○ The main points of this article Note that overfitting has been reproduced Overfitting: It can handle learning data, but it cannot handle unknown data. Feeling that there is no application power.
How to check model overfitting and overfitting
from sklearn.datasets import load_boston
from sklearn.svm import SVR
from sklearn.metrics import mean_squared_error
from sklearn.metrics import r2_score
import matplotlib.pyplot as plt
from sklearn.model_selection import train_test_split
%matplotlib inline
#Data preparation.

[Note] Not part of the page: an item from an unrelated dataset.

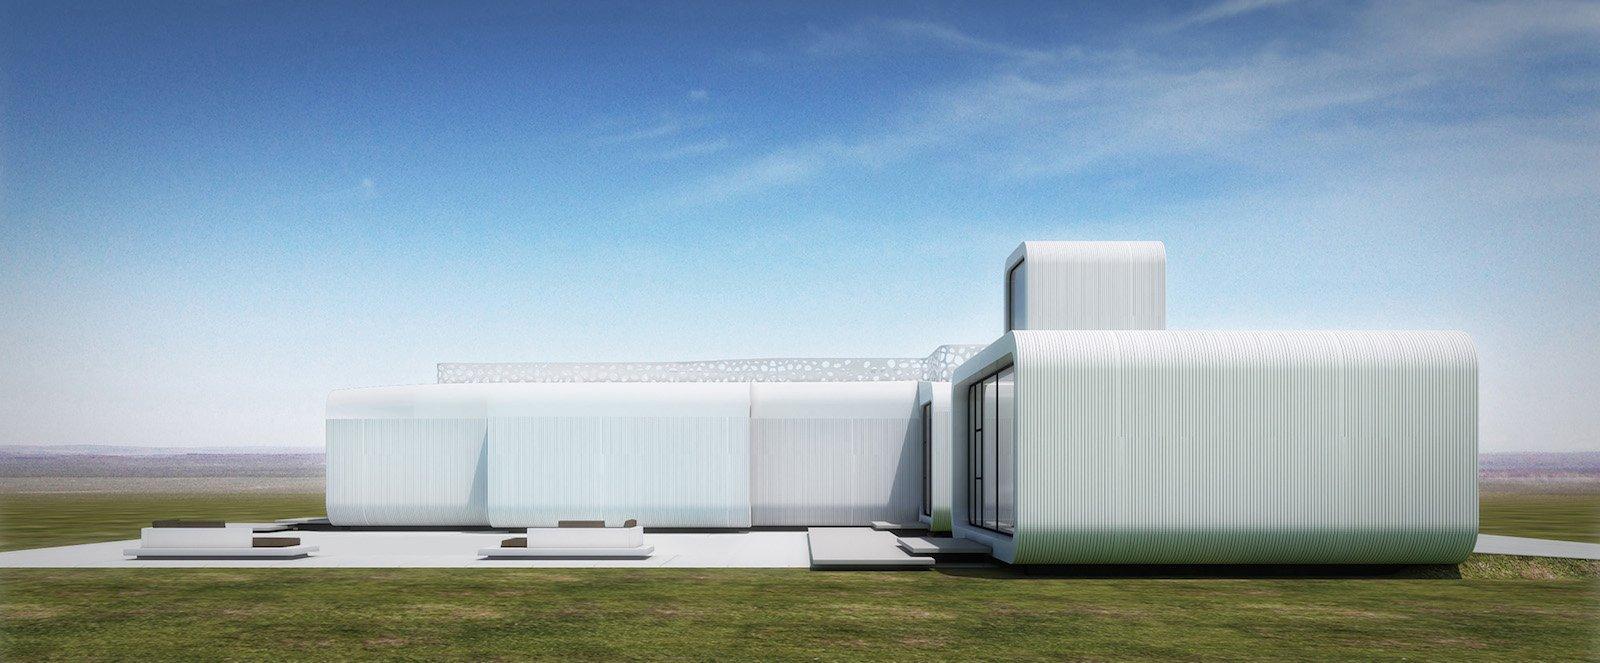 Das Projekt in Dubai versinnbildlicht den Anfang eines bedeutsamen Wandels im Bereich Bauwesen und Design: den Übergang zu 3D-Druck und digitalen Produktionsprozessen. Nachdem dreidimensionale Druckverfahren jahrelang im Labor erprobt wurden nähern sie sich nun rasant der Marktreife.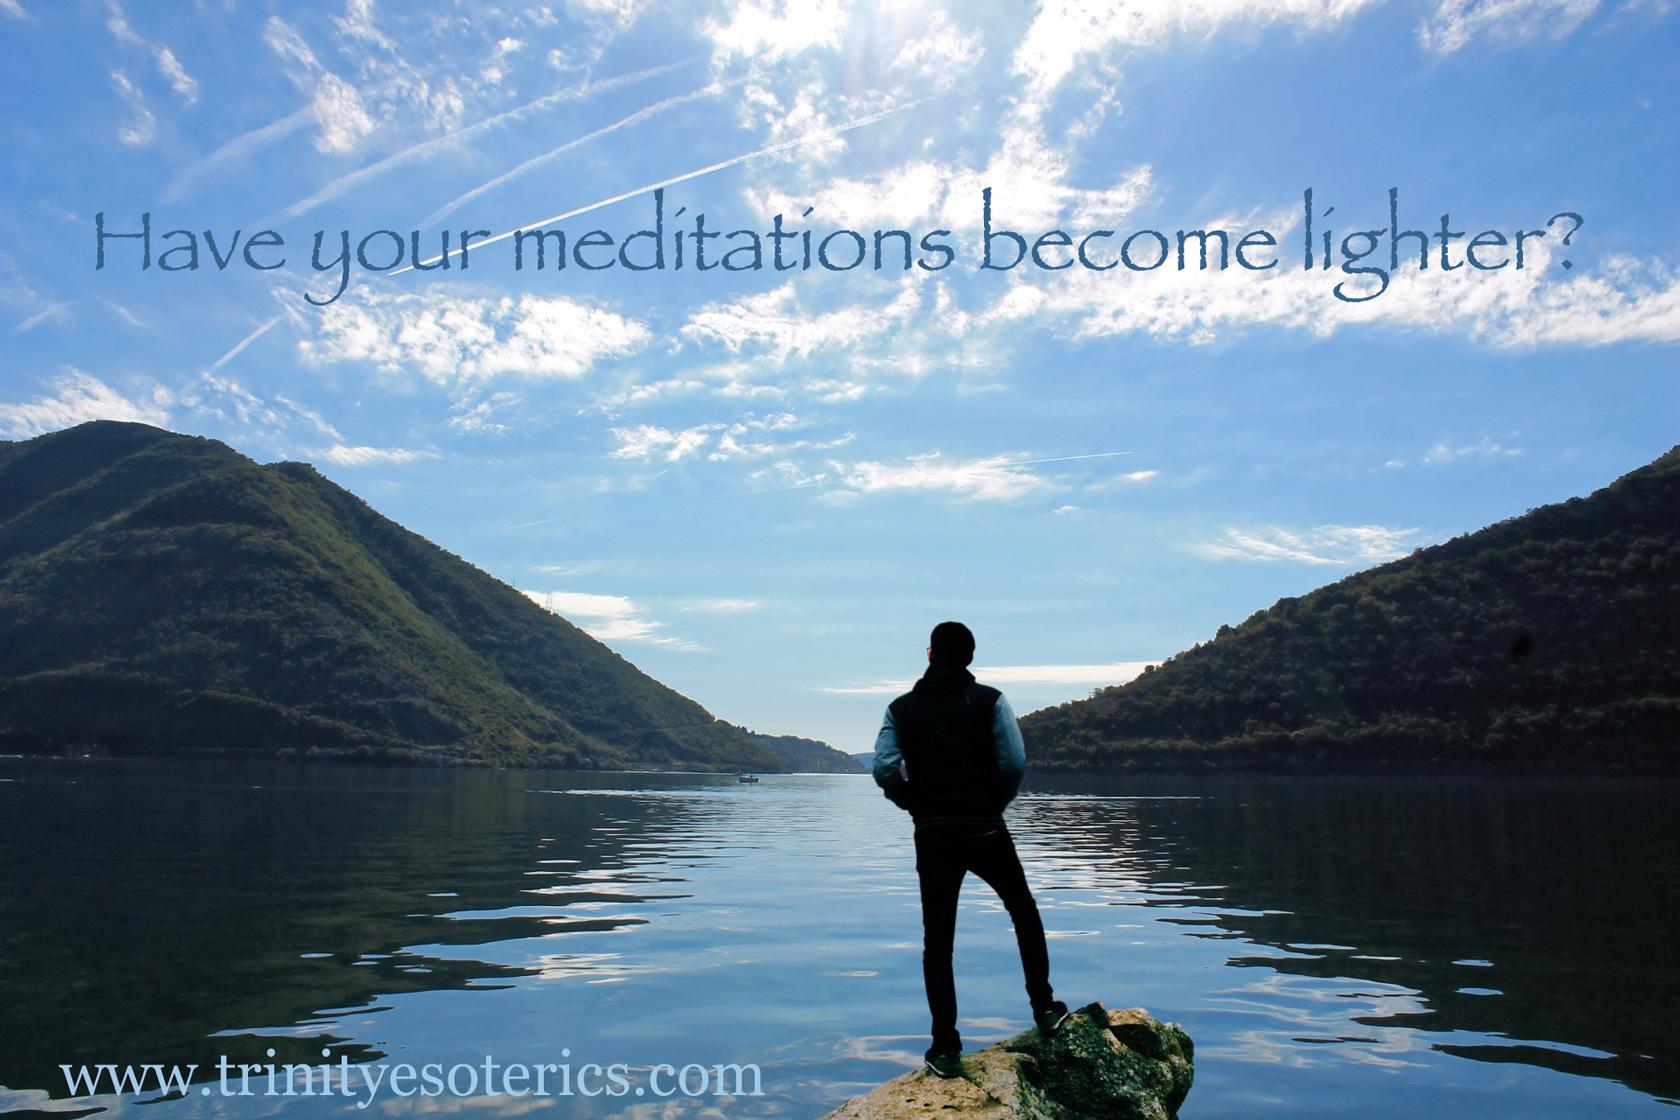 waking meditation trinity esoterics

Boston Home Prices
data = load_boston()
X = data.data[:, [5,]] #Extract only the number of rooms as explanatory variables
y = data.target
#Separated into training data and test data
train_X, test_X = X[:400], X[400:]
train_y, test_y = y[:400], y[400:]
#SVR with modified hyperparameters(Support vector machine (kernel method))Learning at
model_s = SVR(C=1.0, kernel='rbf') #Uses rbf kernel with regularization parameter 1
model_s.fit(train_X, train_y)
#Prediction using learning data
s_pred = model_s.predict(train_X)
#Prediction using test data (prediction for unknown data)
s_pred_t = model_s.predict(test_X)
#graph display
fig, ax = plt.subplots()
ax.scatter(train_X, train_y, color='red', marker='s', label='data')
ax.plot(train_X, s_pred, color='blue', label='svr_rbf curve(train)')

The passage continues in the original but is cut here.